Stored data:
+-------+
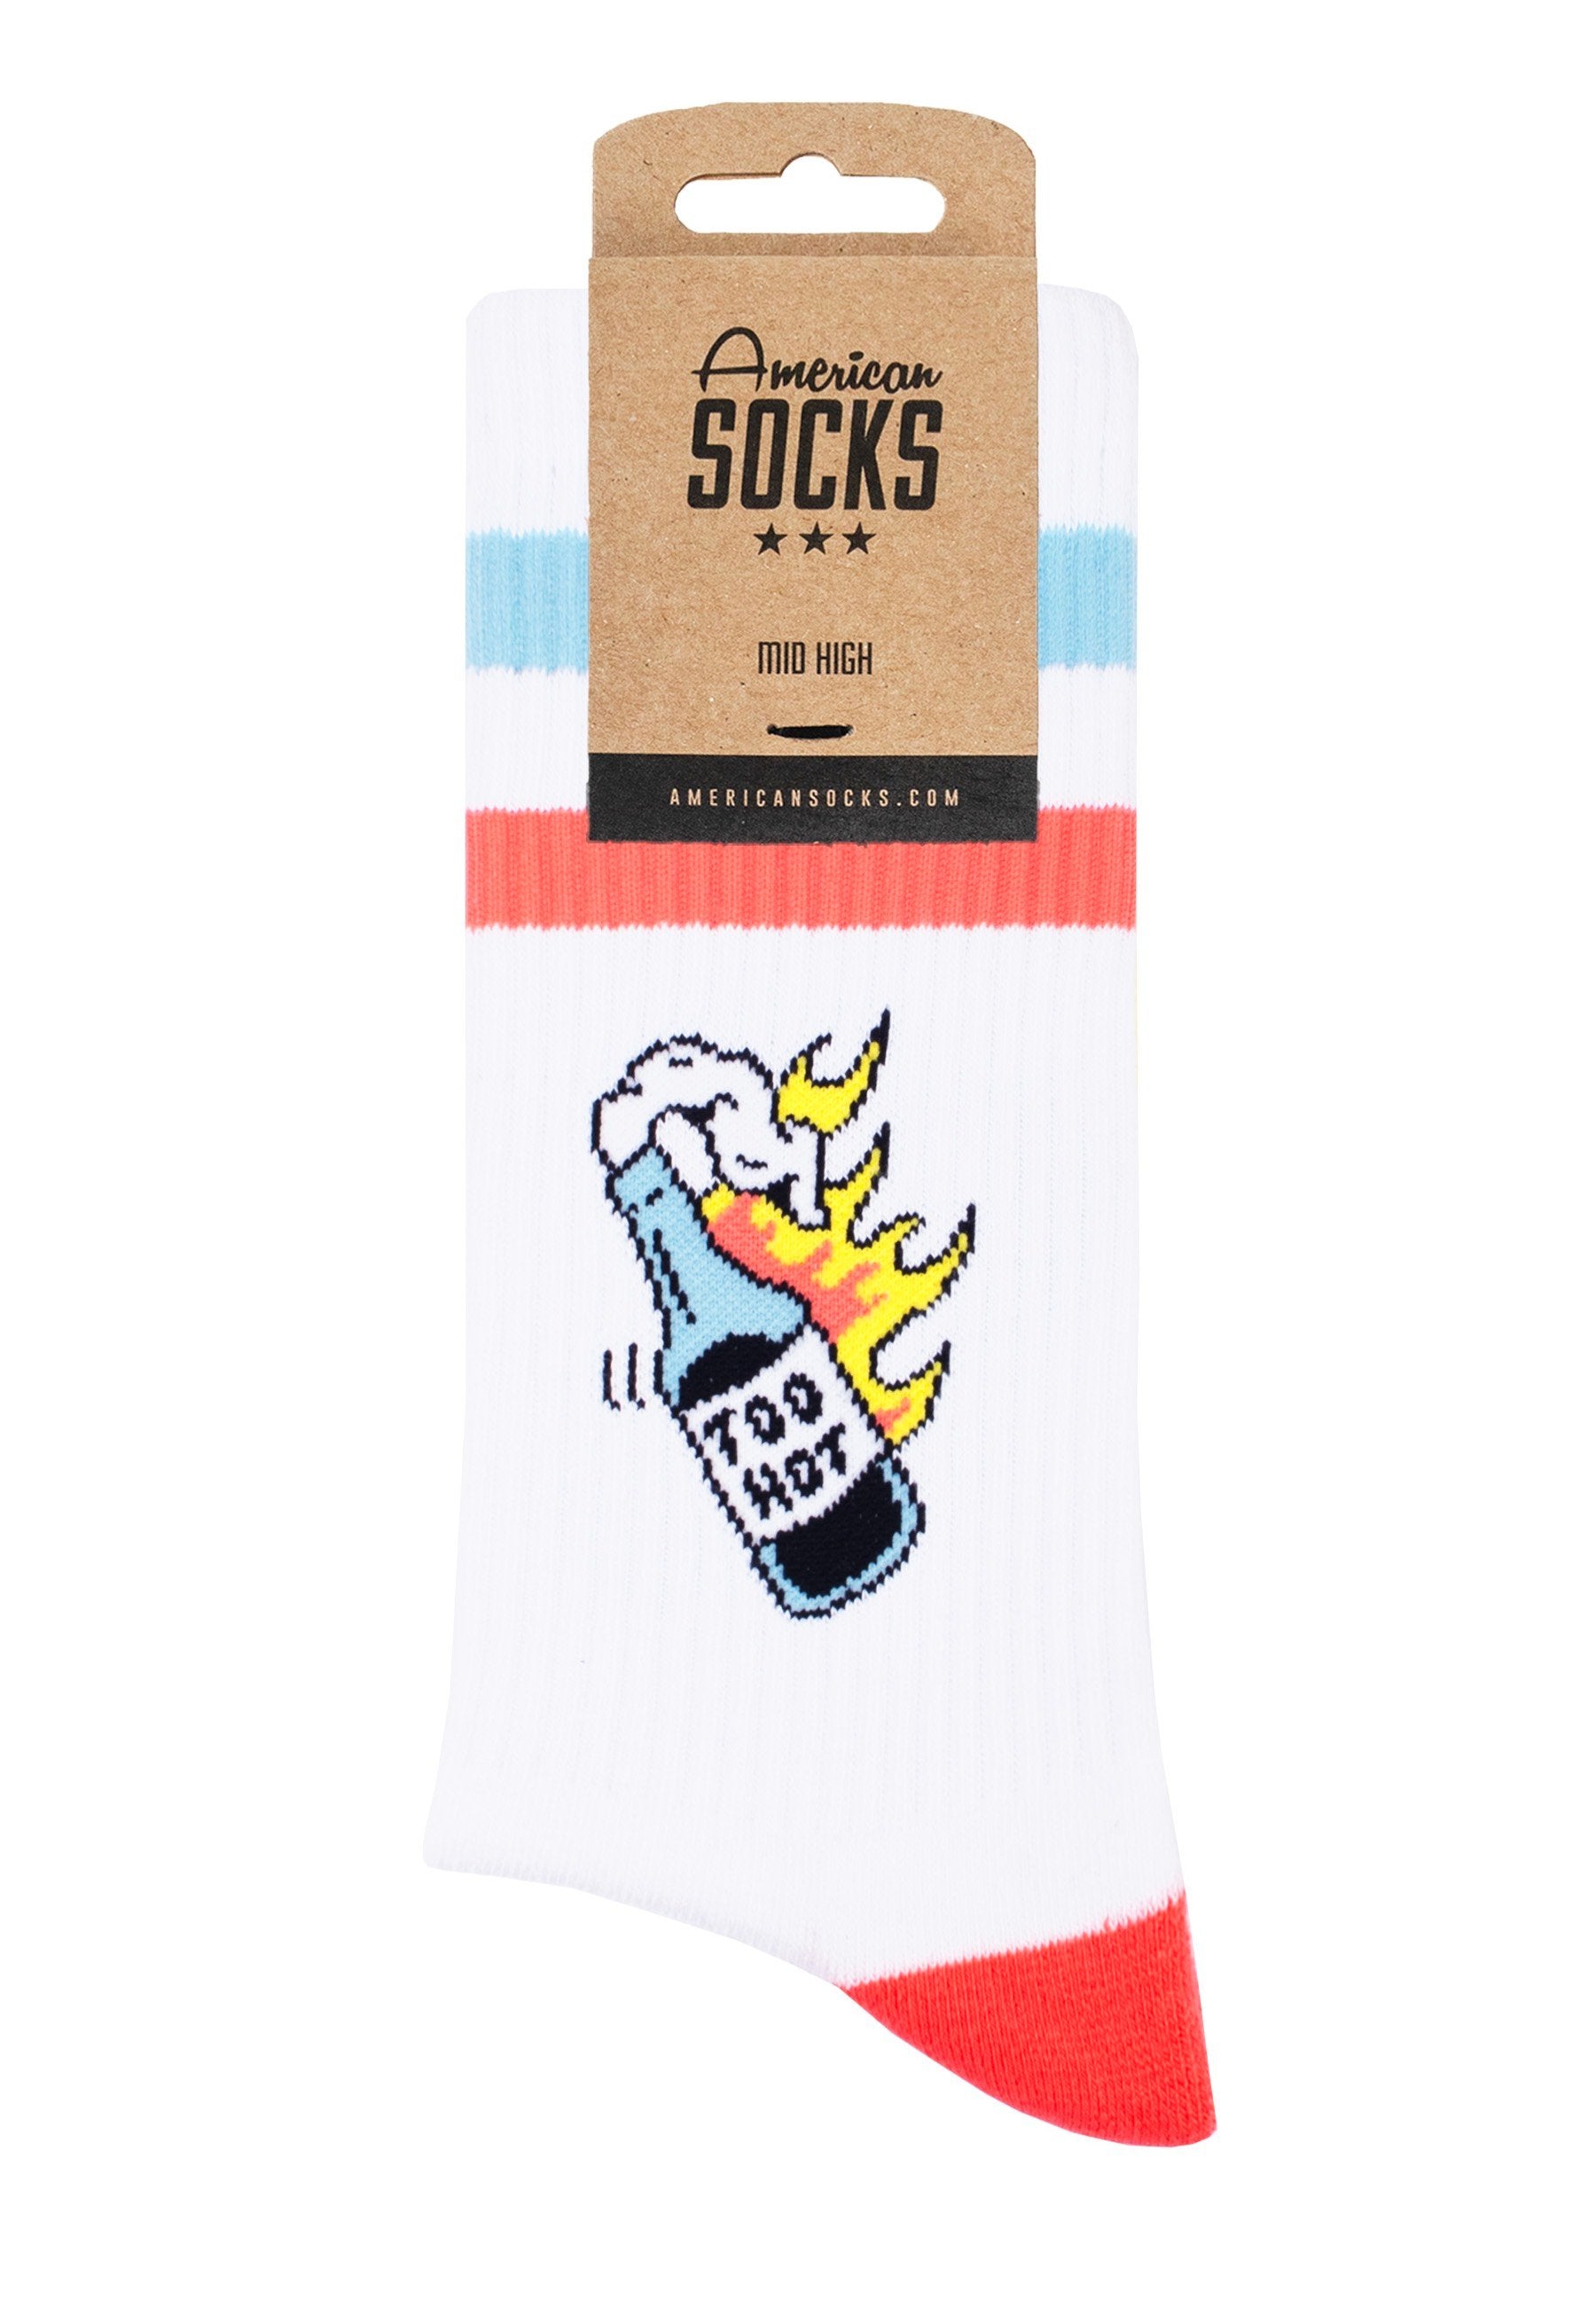 American Socks - 2 Hot 4 You Mid High White - Socks
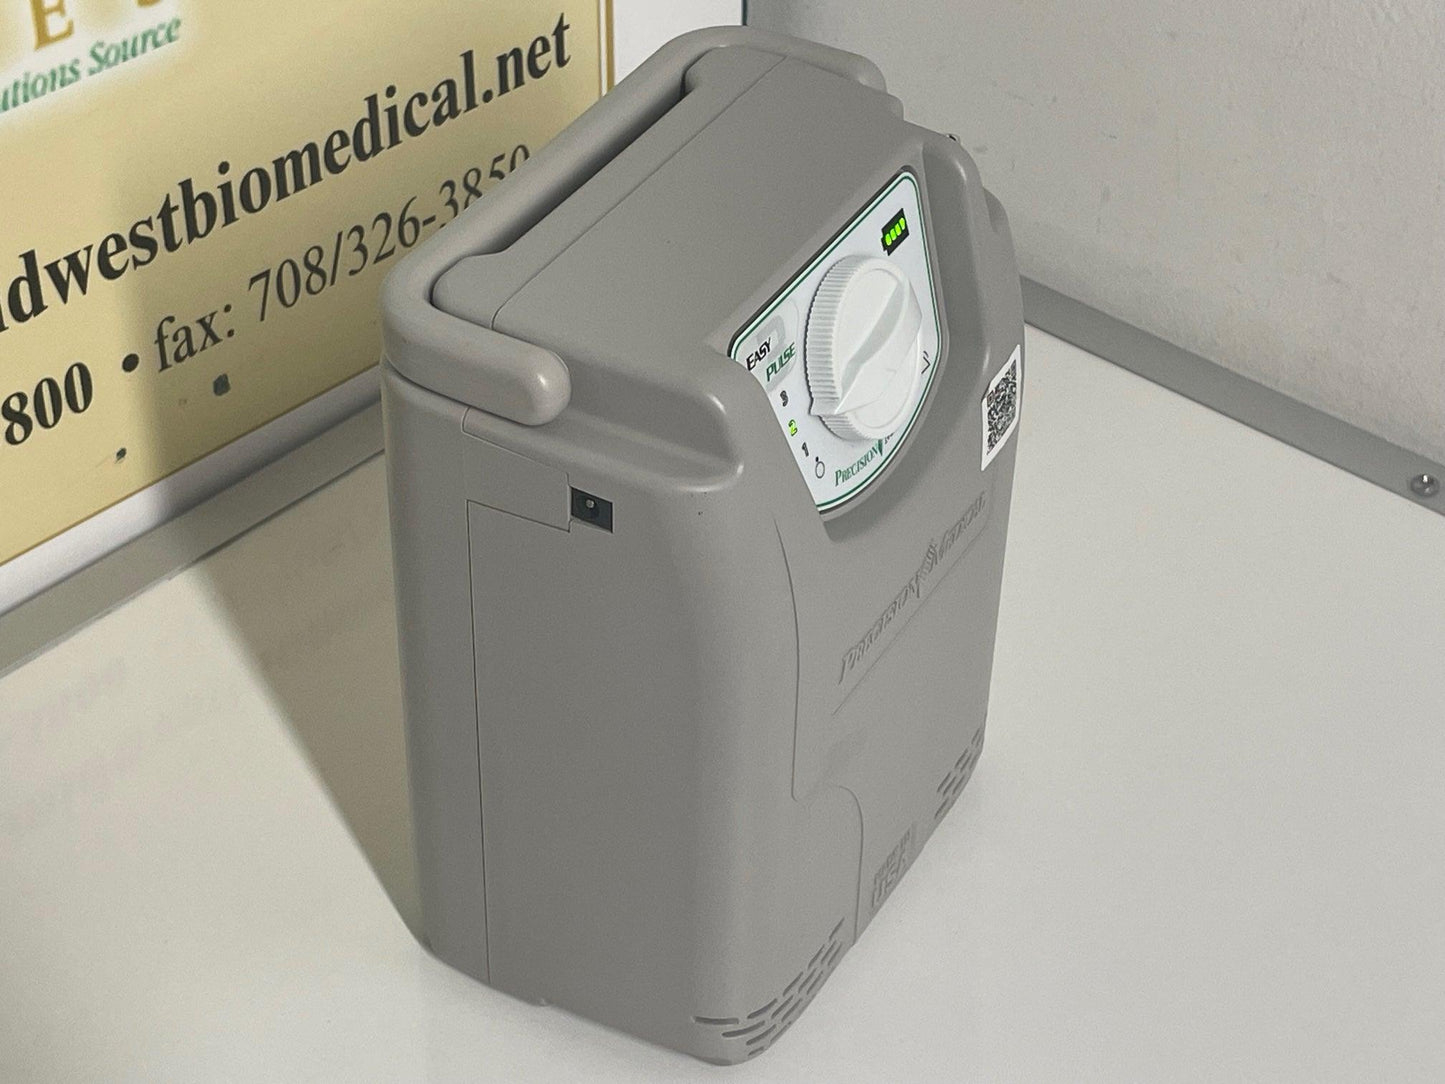 REFURBISHED POC3 EasyPulse 3 Liter Portable Oxygen Concentrator PM4130
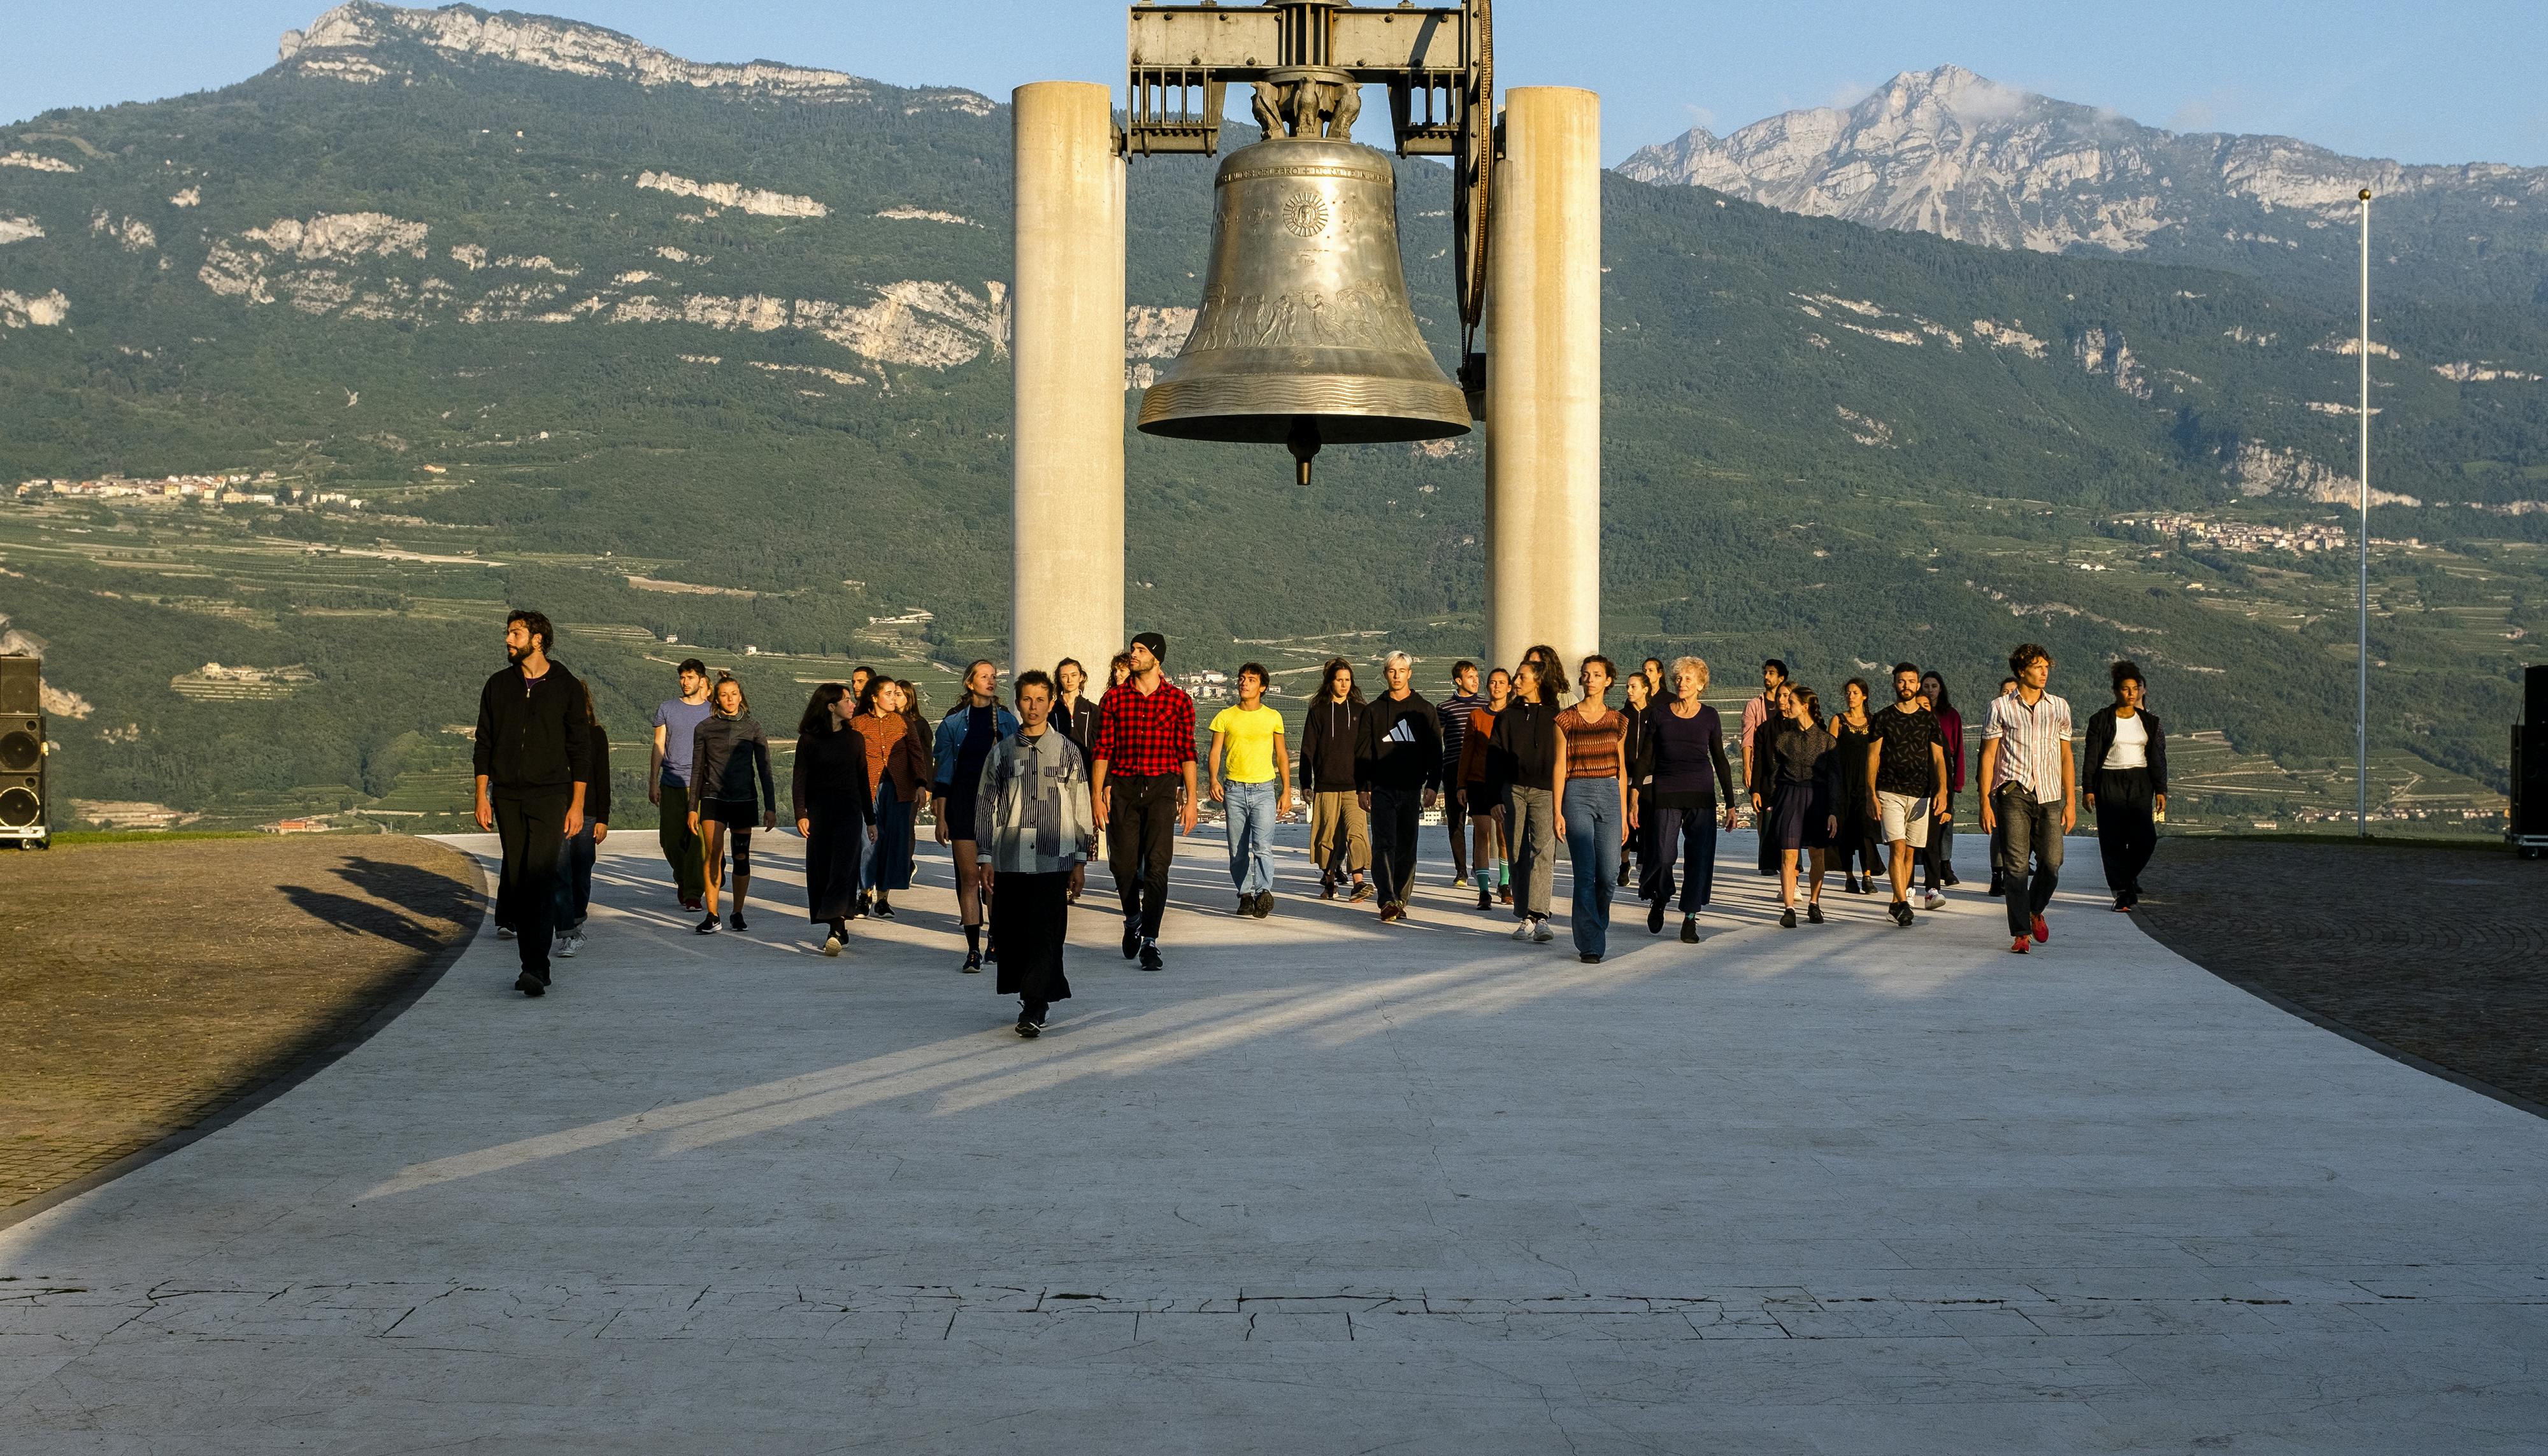 Lo spettacolo Choros di Alessio Maria Romano alla Campana dei Caduti di Rovereto. Un ampio gruppo di performer, davanti alla campana, cammina verso la camera illuminato dal sole dell'alba.
+-------+
About this exercise:
Reproduce all lines above exactly. Leave the images out.

Answer to the exercise:
 American Socks - 2 Hot 4 You Mid High White - Socks
 REFURBISHED POC3 EasyPulse 3 Liter Portable Oxygen Concentrator PM4130
 Lo spettacolo Choros di Alessio Maria Romano alla Campana dei Caduti di Rovereto. Un ampio gruppo di performer, davanti alla campana, cammina verso la camera illuminato dal sole dell'alba.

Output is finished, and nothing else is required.